The first "someone" was our part time sysadmin who has made so many mistakes that I hope to not use his services again. The second "someone" is the replacement (so far) for the first. Obviously, this is not a good situation. What else to do when you cannot afford to hire the right people? I guess you come here and ask questions ;-) –  MountainX Jun 1 '13 at 21:49

1 Answer 1

up vote 3 down vote accepted

That the OOM killer is kicking in may well be related to your problems, and it most definitely doesn't help you. Increase swap or install more RAM. If nothing else, you certainly don't want your server going around killing processes; by the time the kernel OOM killer starts looking for victims, it's bad.

That said, I do notice that you e.g. don't allow in ICMP, or DNS over UDP (or TCP).

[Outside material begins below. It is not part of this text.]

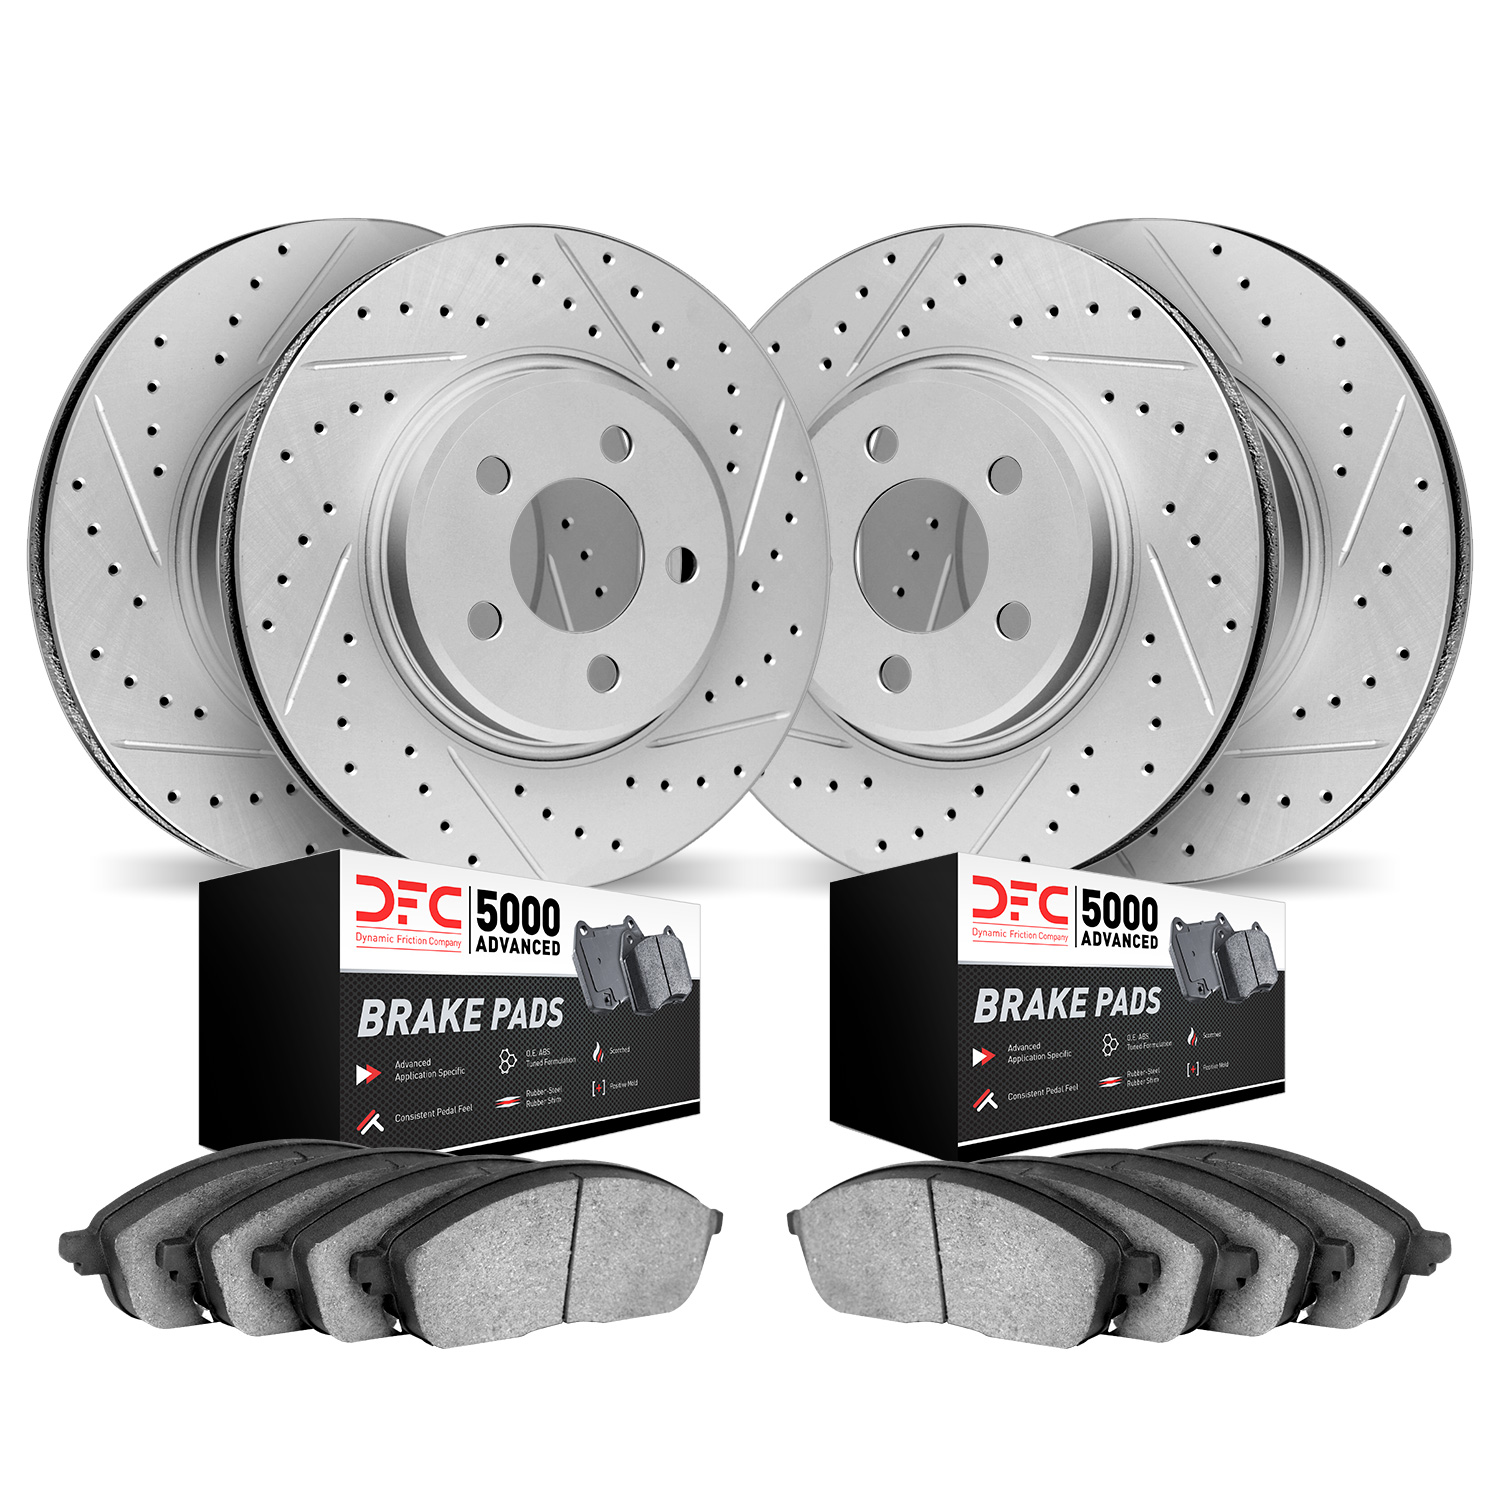 2504-31022 Geoperformance Drilled/Slotted Rotors w/5000 Advanced Brake Pads Kit, 2010-2015 BMW, Position: Front and Rear

A well-behaved host on the Internet needs to accept ICMP packets, and if you are running a DNS server you will need to open up communication over TCP and UDP to port 53 for it to work.

A minimal change that should bring you more in line with a reasonable configuration without affecting what services are available to external parties might be to simply

iptables -A INPUT -p tcp -m state --state ESTABLISHED,RELATED -j ACCEPT
iptables -A INPUT -p udp -m state --state RELATED -j ACCEPT
iptables -A INPUT -p icmp -j ACCEPT

(Untested, so the command line syntax may be slightly off, but that's the gist of it.)

Normally, for performance reasons such rules would go at or near the top of the iptables chain in question. These will allow in any responses to anything outbound the server has initiated over TCP or UDP, as well as ICMP messages. Note that ICMP is crucial for a well-behaved host on the Internet; if you want to block e.g. ping, you can use a much more specific rule to block ICMP echo requests and nothing else, but when you have something as well-known as port 80 wide open that doesn't buy you much in practice and it does make troubleshooting more complicated.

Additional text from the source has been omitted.